Written on May 1, 2020

By Greg Saul, Esq., CAE, OSCPA tax policy director

The legislature’s work on the budget bill is finished, but the debate over their changes to the business income deduction (BID) is just beginning.

The House’s original version would have reduced the threshold to $100,000 and eliminated the 3% flat rate beginning in 2019. The Senate’s original version would have retained the $250,000 threshold and eliminated the 3% flat rate beginning in 2020.

The final version of House Bill 166 retained current law’s BID of up to $250,000 and the 3% flat tax rate on business income above that threshold for most taxpayers, but disallows the deduction and the 3% tax rate if the business income arises from either (1) the practice of law by an attorney or (2) lobbying by a person required to register with JLEC (i.e., legislative and executive agency lobbyists and retirement system lobbyists). The disallowance applies to taxable years beginning in 2020.

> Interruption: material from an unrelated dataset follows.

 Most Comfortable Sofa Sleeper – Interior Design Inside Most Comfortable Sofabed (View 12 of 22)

The Ohio Society of CPAs actively lobbied legislative leaders to keep the BID intact, and OSCPA also advised legislators not to adopt language modeled on the federal 199A deduction that would have negatively impacted a broad array of specified service trades and businesses (SSTBs) – including CPAs. Unfortunately, the language ultimately adopted vaguely defines “legal services,” which could apply to businesses beyond law firms that have an attorney on staff, or that have outside (of Ohio) corporate counsel registered with the Ohio Supreme Court.

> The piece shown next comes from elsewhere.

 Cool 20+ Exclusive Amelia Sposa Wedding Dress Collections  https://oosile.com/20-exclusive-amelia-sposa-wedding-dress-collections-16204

In the past few weeks, the language seemingly has created more questions than answers. What is the impact on CPA firms if some CPAs are also licensed attorneys? Does the new law not prohibit the actual occupation but just the type of income generated? Would an accounting firm that employs Ohio licensed attorneys be excluded from the BID because the lawyer arguably provides legal services to the firm (i.e., his or her employer), consistent with the inclusion of registered corporate counsel?

The Ohio Department of Taxation is not expected to release guidance until the end of the year because the effective date is delayed to Jan. 1, 2020. Groups representing attorneys are prepared to file a lawsuit arguing possible violations of the Equal Protection Clause, First Amendment, and Commerce Clause. OSCPA and its tax experts are now evaluating the new law to see what, if any, changes are necessary.

The language in question:

(2) “Eligible business income” means business income excluding income from a trade or business that performs either or both of the following:

(a) Legal services provided by an active attorney admitted to the practice of law in this state or by an attorney registered for corporate counsel status under section 6 of rule VI of the Ohio supreme court rules for the government of the bar of Ohio;

(b) Executive agency lobbying activity, retirement system lobbying activity, or actively advocating by a person required to register with the joint legislative ethics committee under section 101.78, 101.92, or 121.62 of the Revised Code. Terms used in division (B)(2) of this section have the same meaning as in section 101.70, 101.92, or 121.60 of the Revised Code.